- Born: 1940 (age 85–86) Trail British Columbia, Canada
- Education: University of British Columbia, London School of Economics
- Occupation: Businessperson
- Board member of: National Gallery of Canada Foundation. Chair
- Awards: member of the Order of Canada
- Website: https://thomasdaquino.ca

= Thomas d'Aquino =

Canadian entrepreneur, lawyer, philanthropist, businessperson (born 1940)

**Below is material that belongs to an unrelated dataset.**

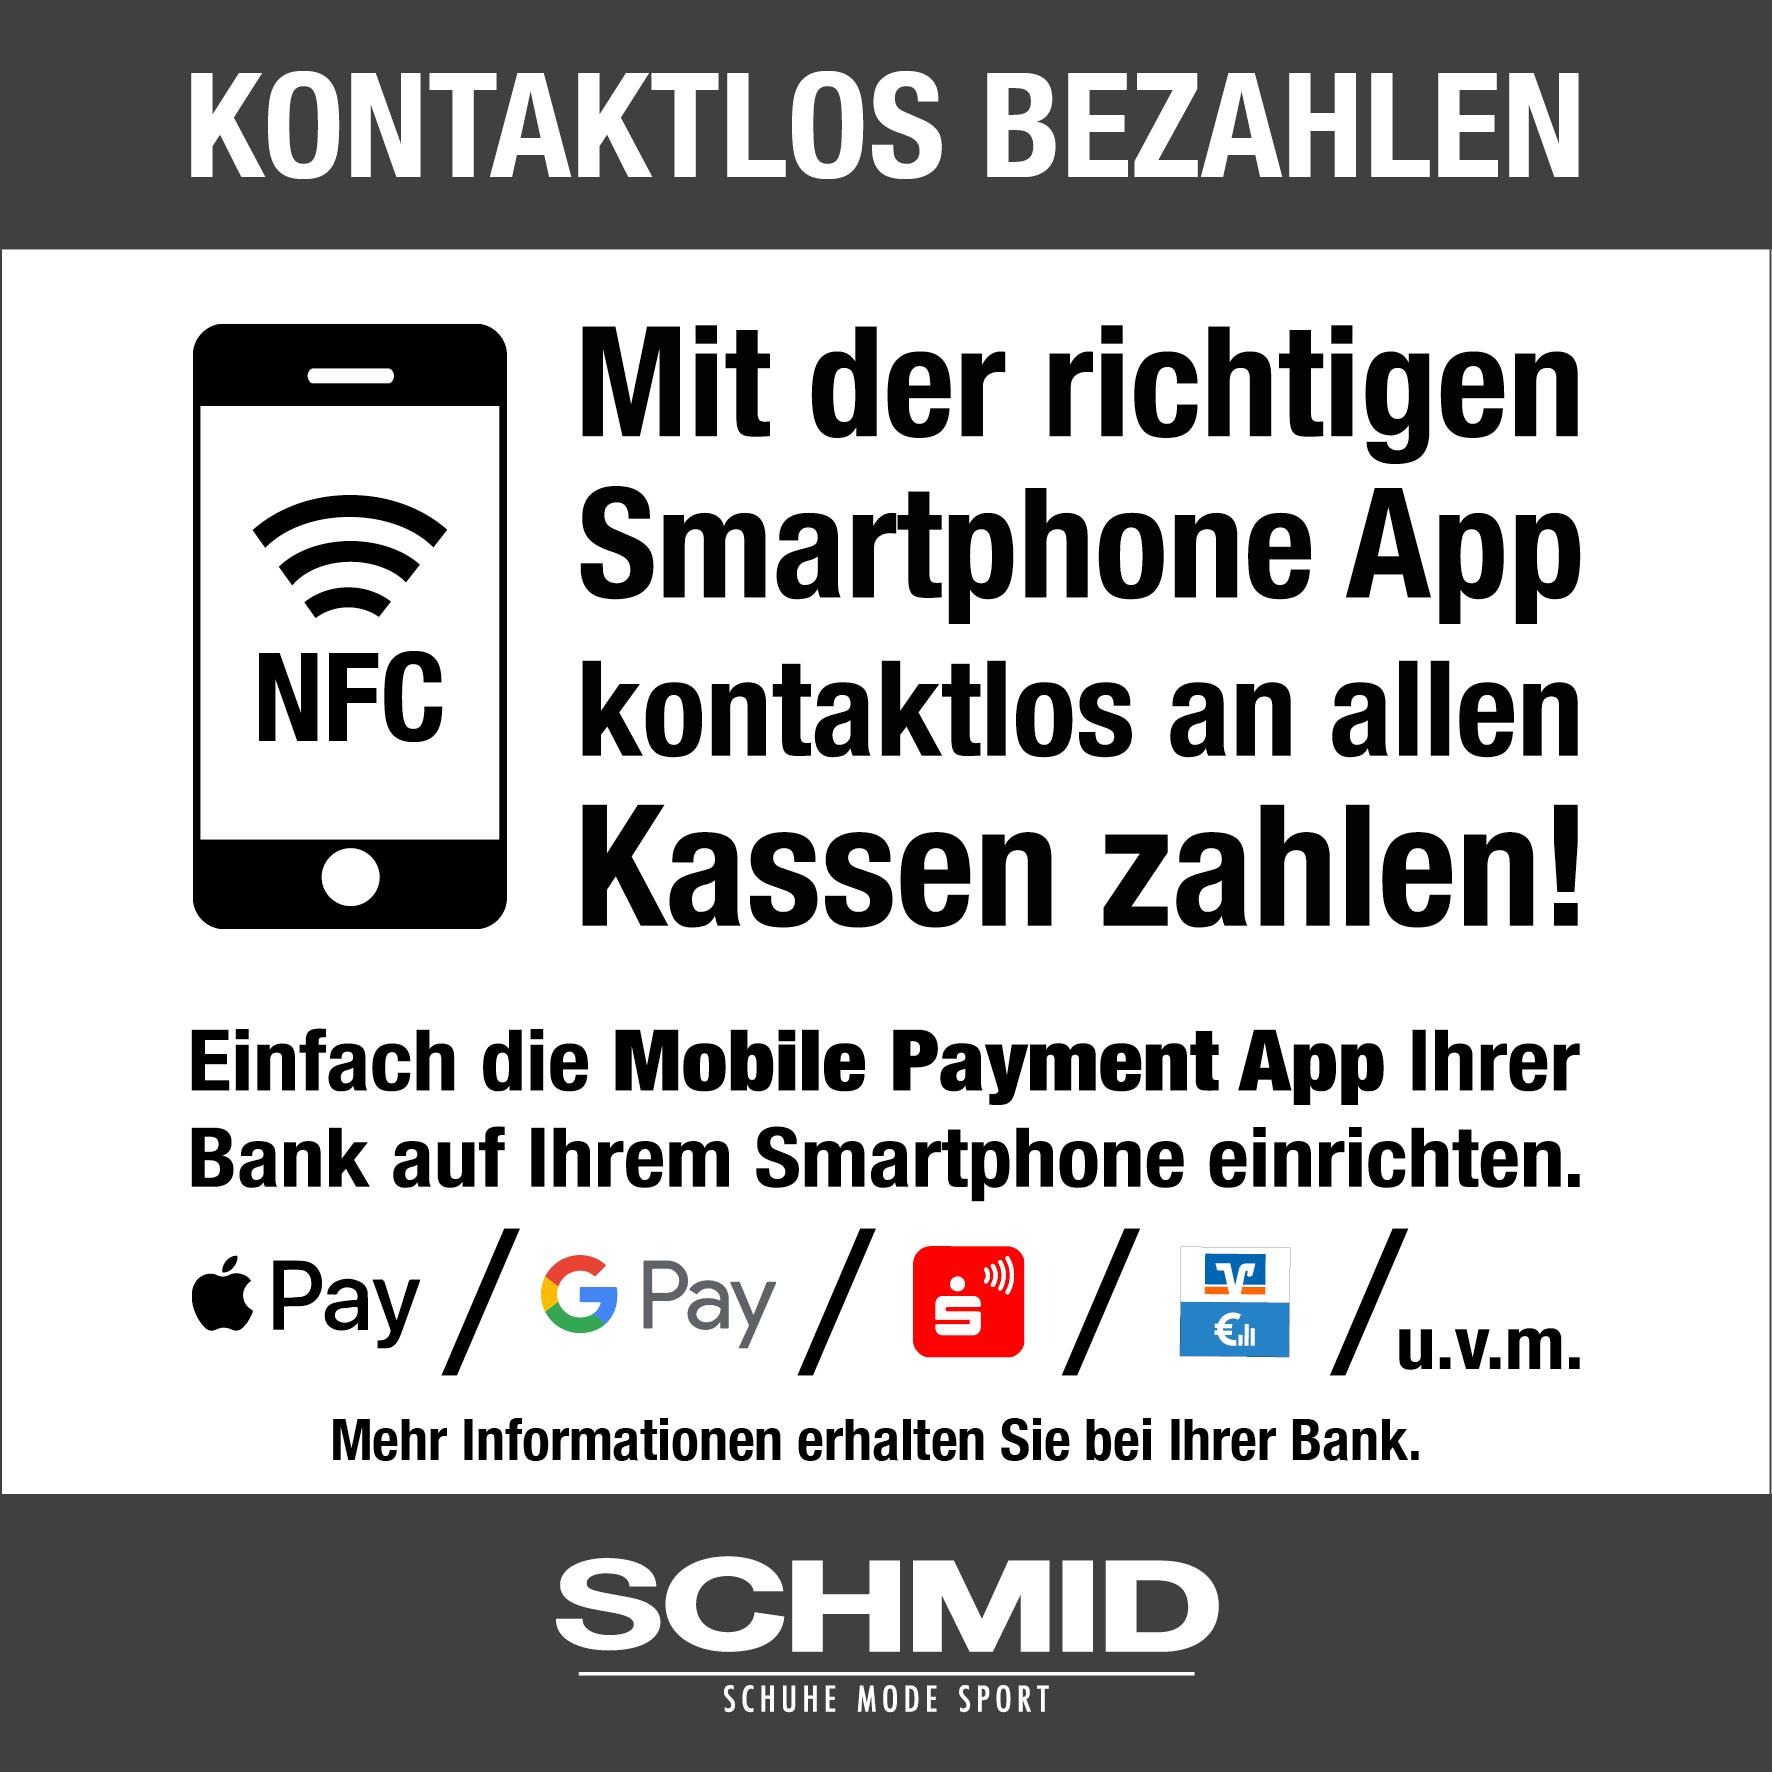 SCHMID News und Aktion | SCHMID Onlineshop

Thomas Paul d'Aquino CM is a Canadian entrepreneur, lawyer, philanthropist, businessperson, author, and educator. His business career spans over forty years, and he is currently the chairman of Thomas d'Aquino Capital and Inter counsel. From 1981 to 2009 he served as CEO of the Business Council of Canada, formerly the Canadian Council of Chief Executives, and is the long-serving chair of the National Gallery of Canada foundation. In 2019 he was made a member of the Order of Canada.

== Biography ==
d'Aquino was born in British Columbia, Canada. He attended the University of British Columbia, Queen's, and the London School of Economics.

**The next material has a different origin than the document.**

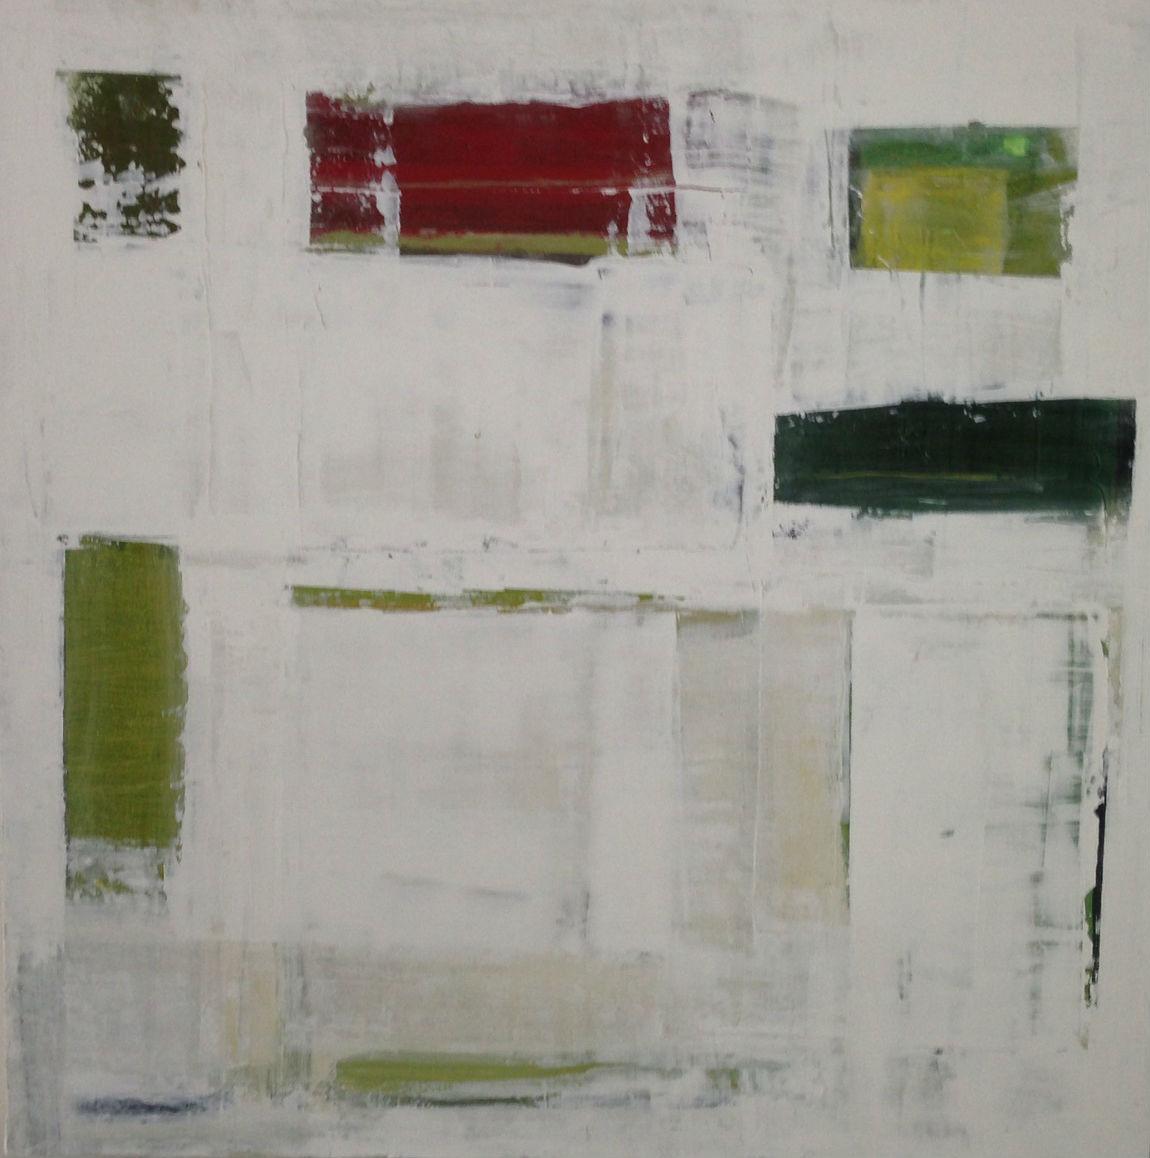 Interior Abstract No. 1

Early in his career, he served as Special assistant to the Prime Minister and was an adjunct professor of law at the University of Ottawa. In 1976 d'Aquino started his own business and won strategic consulting mandates from major companies around the world. From 1981 to 2009, he served as the CEO of the Business Council of Canada, a group consisting of 150 CEOs of Canada's leading enterprises. He is currently the chairman of Thomas d'Aquino Capital and Intercounsel.

d'Aquino is the chair emeritus of the National Gallery of Canada Foundation, and has served in this position since 2002.

He has authored numerous publications including Northern Edge: How Canadians Can Triumph in the Global Economy and most recently Private Power, Public Purpose.

d'Aquino has spoken in forty countries and over 100 cities worldwide and has been referred to as Canada's "most influential policy strategist" and its "leading global business ambassador." In 2009 d'Aquino was described by John Lorinc of The Globe and Mail as Canada's "behind-the-scenes prime minister" and the "most influential corporate tout" for almost 30 years. D'Aquino was listed among the top 100 most influential people in Canada in the 20th century.

== Awards and honours ==
Thomas d'Aquino has received numerous awards and honours for his decades of service. He is a member of the Order of Canada, the Order of Ottawa and a recipient of the Queen Elizabeth II Golden and Diamond Jubilee medals. The Italian president named him a knight commander, and he was awarded Mexico's highest foreign honour: the Order of the Aztec Eagle.. He holds three honorary degrees from Queen's, Wilfrid Laurier, and Western university.